Steps performed in the case of a user login in the described configuration:

  1. When the Novell login dialog is initially displayed by NWGINA.DLL and the user is interacting with the Username: and/or Password: fields, no attempt to find a NetWare server or create an NCP connection has yet been made.

    (There are some actions other than logging in (pressing"OK") which can cause NCP connections to be created prior to login, such as using any of the browse buttons ("Trees", "Contexts", etc.). Note that if and when these actions were performed, the NCP connections they create could affect the decisions made later due to there being existing NCP connections when decisions are being made.)
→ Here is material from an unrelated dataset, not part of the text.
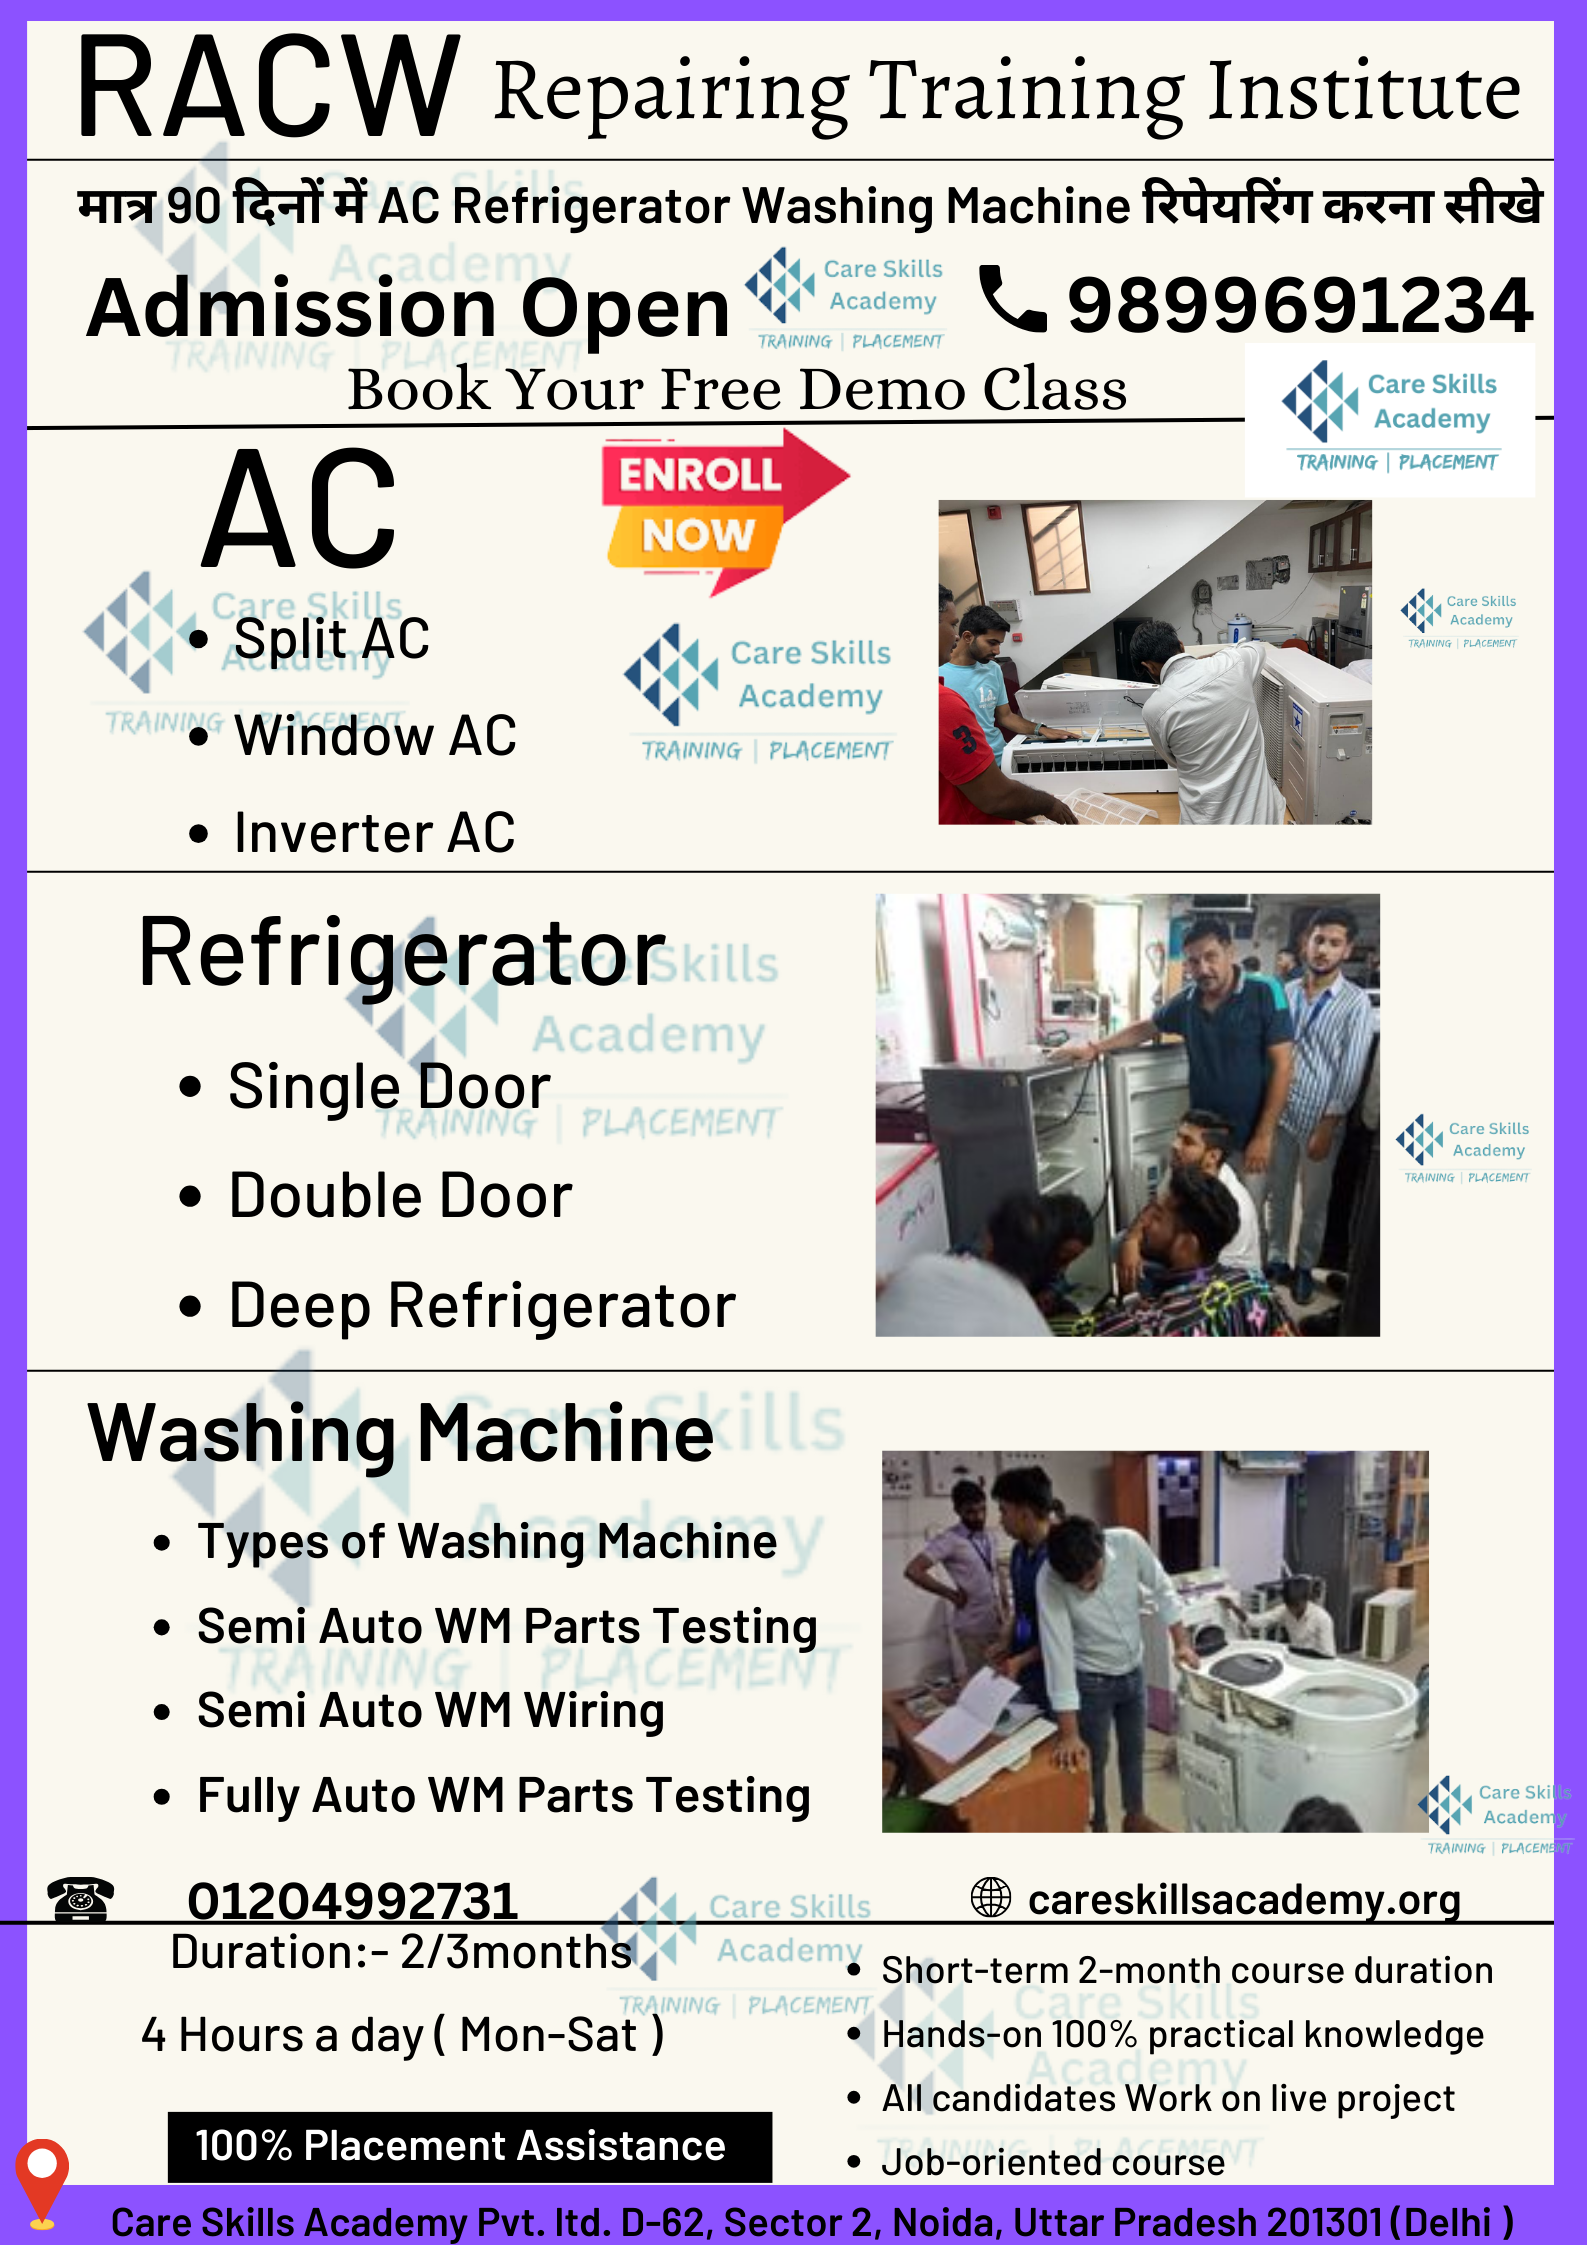 AC Refrigerator Washing Machine Repairing Course || RACW Repairing Course || Home Appliance Repair Course

    (Note that having LDAP Contextless Login enabled can cause LDAP connections to be created in order to perform name lookups as the user changes the Username: and/or Tree: fields, but these are LDAP connections and not NCP connections. There are only two specific cases for LDAP Contextless Login – having an IP address entered into the "Tree:" field of the login dialog and/or having "Treeless Login" enabled – that can cause the LDAP Contextless Login extension to create an actual NCP connection. Either to the address specified in the "Tree:" field of the login dialog and/or the IP address of the LDAP server itself in order to confirm what NDS tree the server is a member of and ensure the workstation can connect to it even if other name resolution methods such as SLP may or may not be able to resolve the NDS tree by name.)
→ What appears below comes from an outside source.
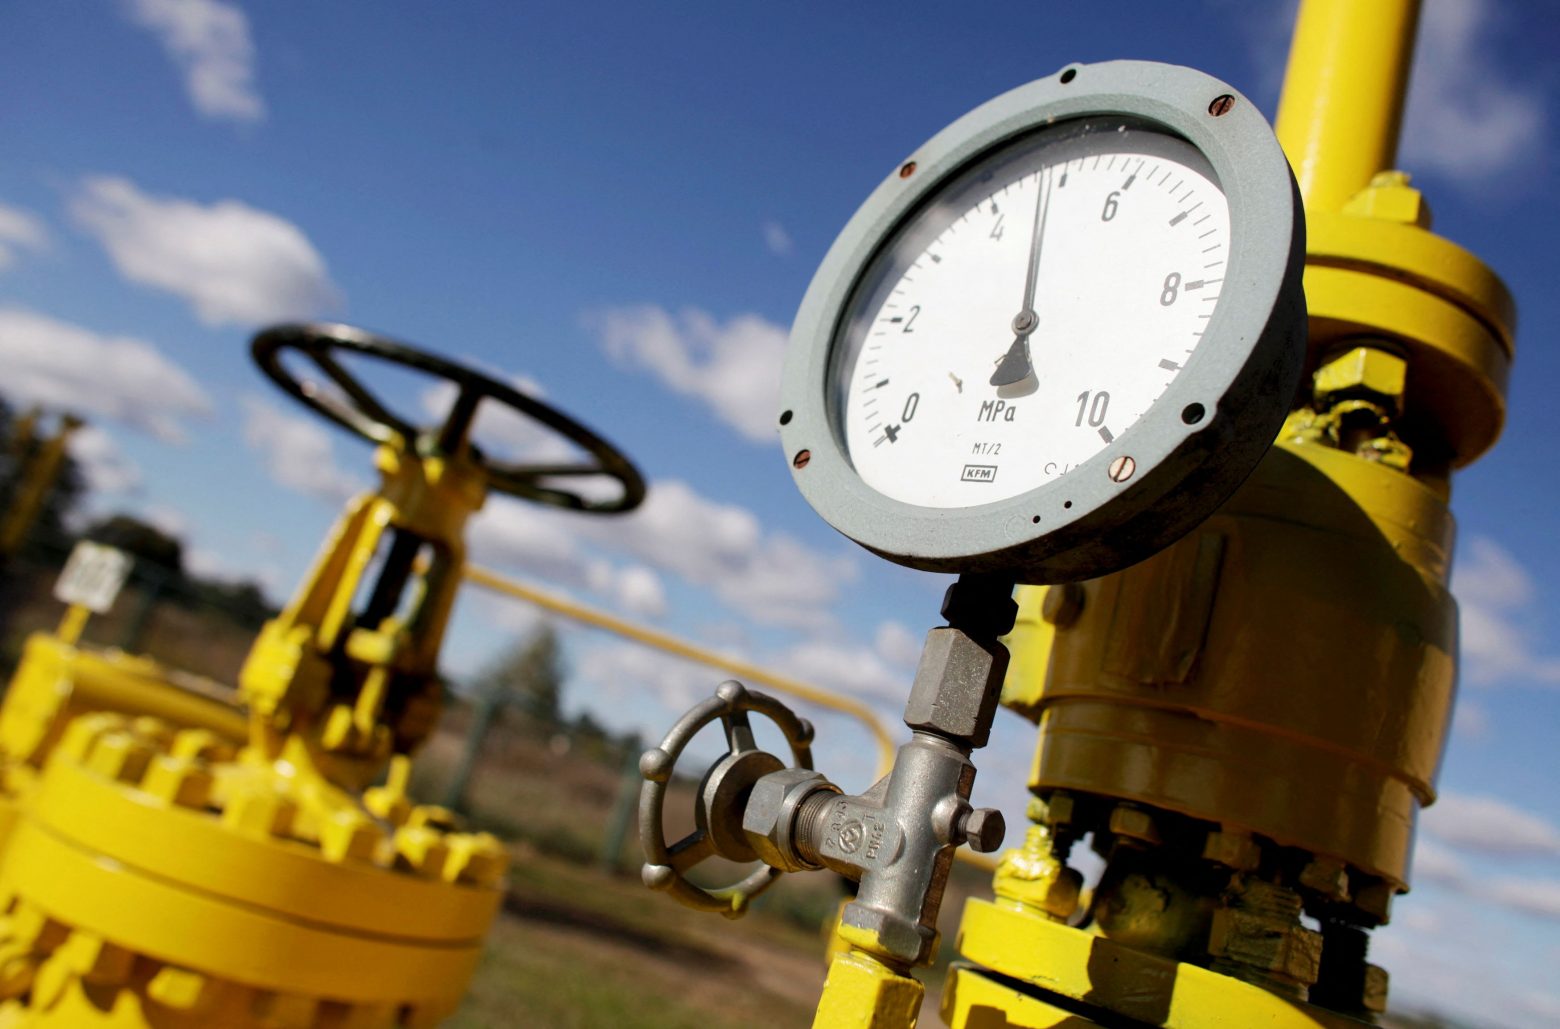 Πόλεμος στην Ουκρανία: Θα κατεβάσει η Ρωσία τον διακόπτη του φυσικού αερίου; - Πόσο πρέπει να ανησυχεί η Ευρώπη

  2. In response to the user pressing the "OK" button on the login dialog with a valid NDS "Tree:" and/or"Server:" specified on the login dialog, along with a valid"Username:", "Password:" and "Context:" specified on the login dialog, the Novell user login code first looks at whether a specific server was specified in the "Server:" field on the login dialog.
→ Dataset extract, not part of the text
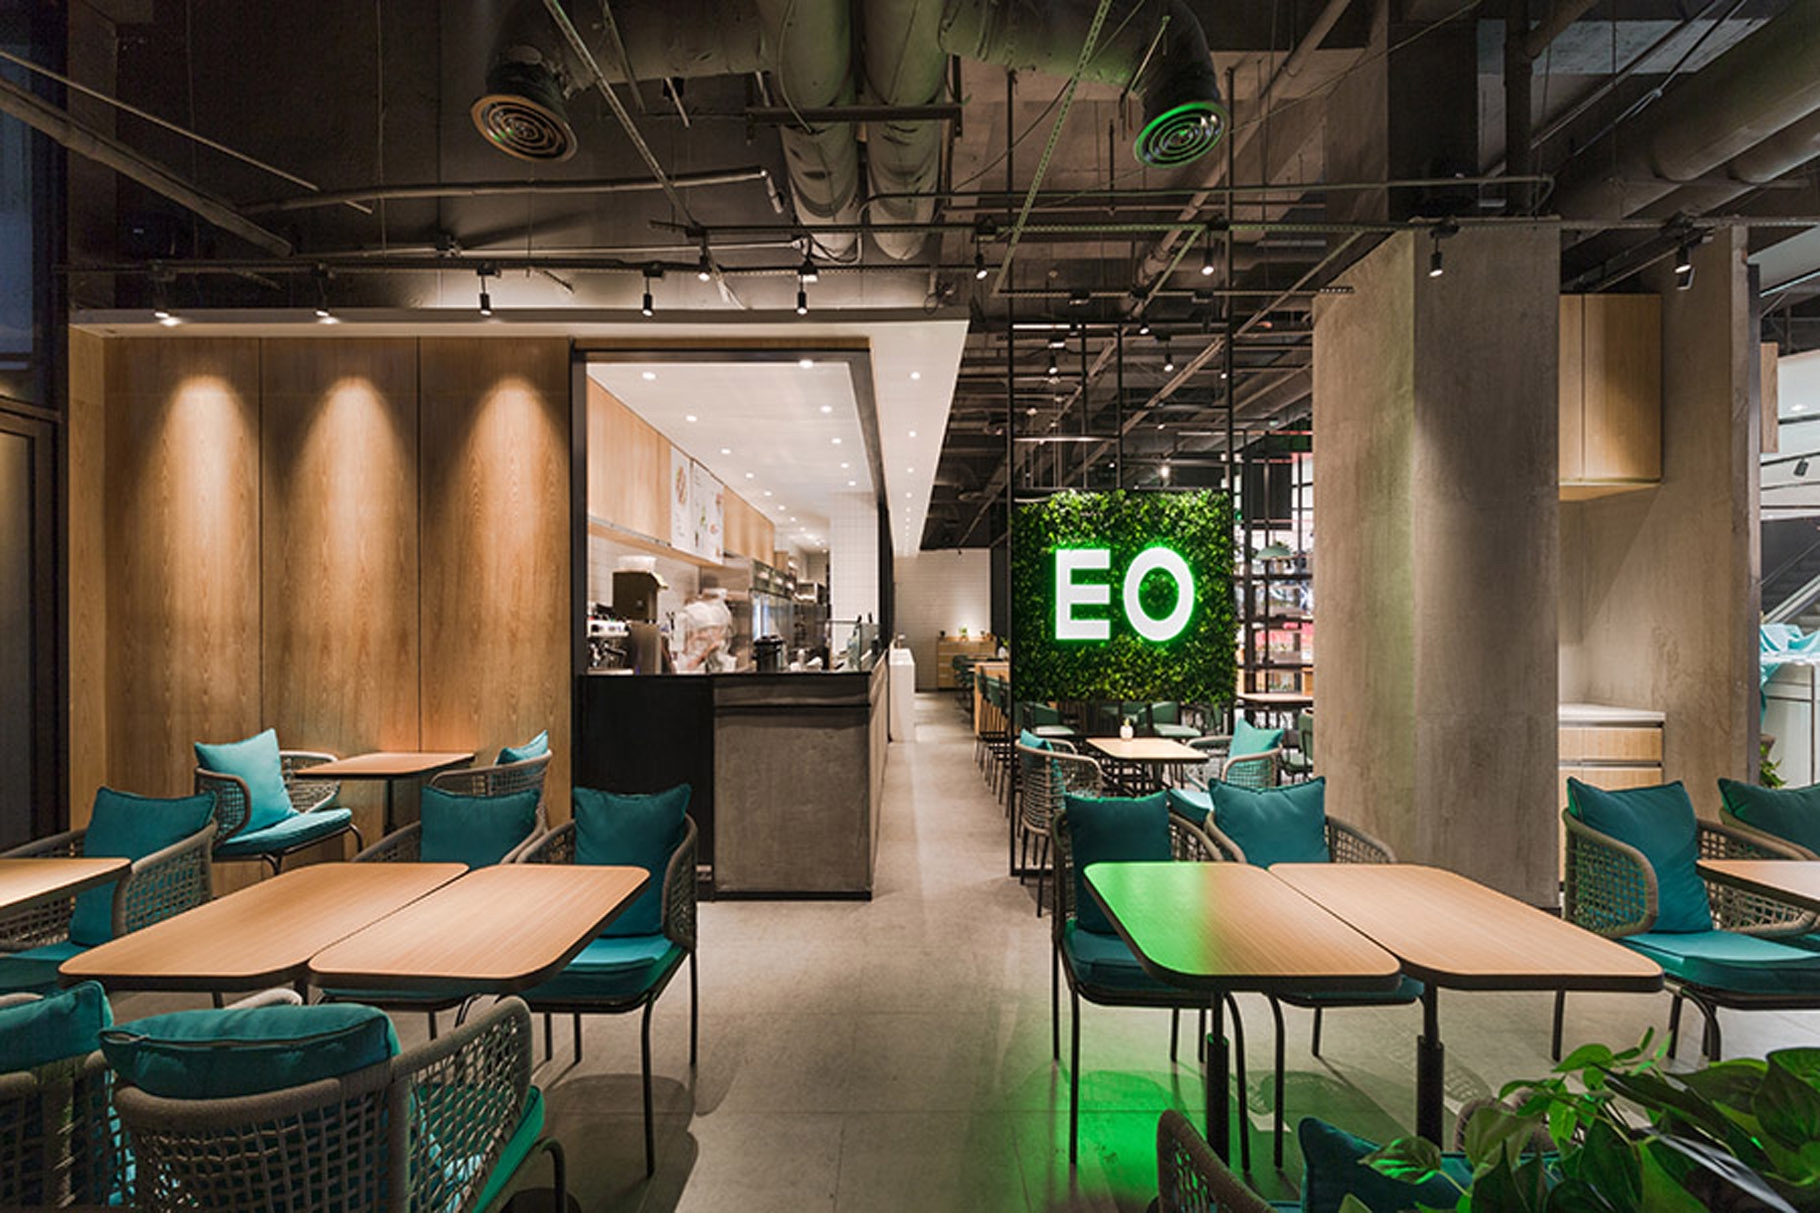 Eo蔬果料理餐饮空间设计与健康主题餐厅 包装设计公司 深圳vi设计 广州北京上海标志logo品牌包装设计

  3. If there was a string specified in the "Server:" field, the Novell user login code calls the Novell redirector to open a connection to this name as a server name. If there was not a string specified in the "Server:" field, the Novell user login code moves on to checking for the NDS tree name specified on the login dialog. (Jump to step 11.)

  4. In response to the "open this name as a server name" request received by the Novell redirector, the Novell redirector will first look at whether the name specified matches the name on an existing NCP connection that has already been established during user login. (Typically, unless the user had invoked one of the browse buttons, the workstation would not have established any NCP connections yet during user login and no existing NCP connections will be found.)

    (
    Note that if the"name" is actually an IP address, the name resolution code in the Novell redirector will recognize this and turn the request into a"open a connection to this address" request instead. This in turn checks whether the address specified matches one of the address(es) for a NetWare server to which the user login has already established an NCP connection. Note "the NetWare server's address(es)" is specified here because the Novell redirector consults a list of addresses the NetWare server claims to be bound to NCP on; not just the address over which the workstation established its existing NCP connection during user login.)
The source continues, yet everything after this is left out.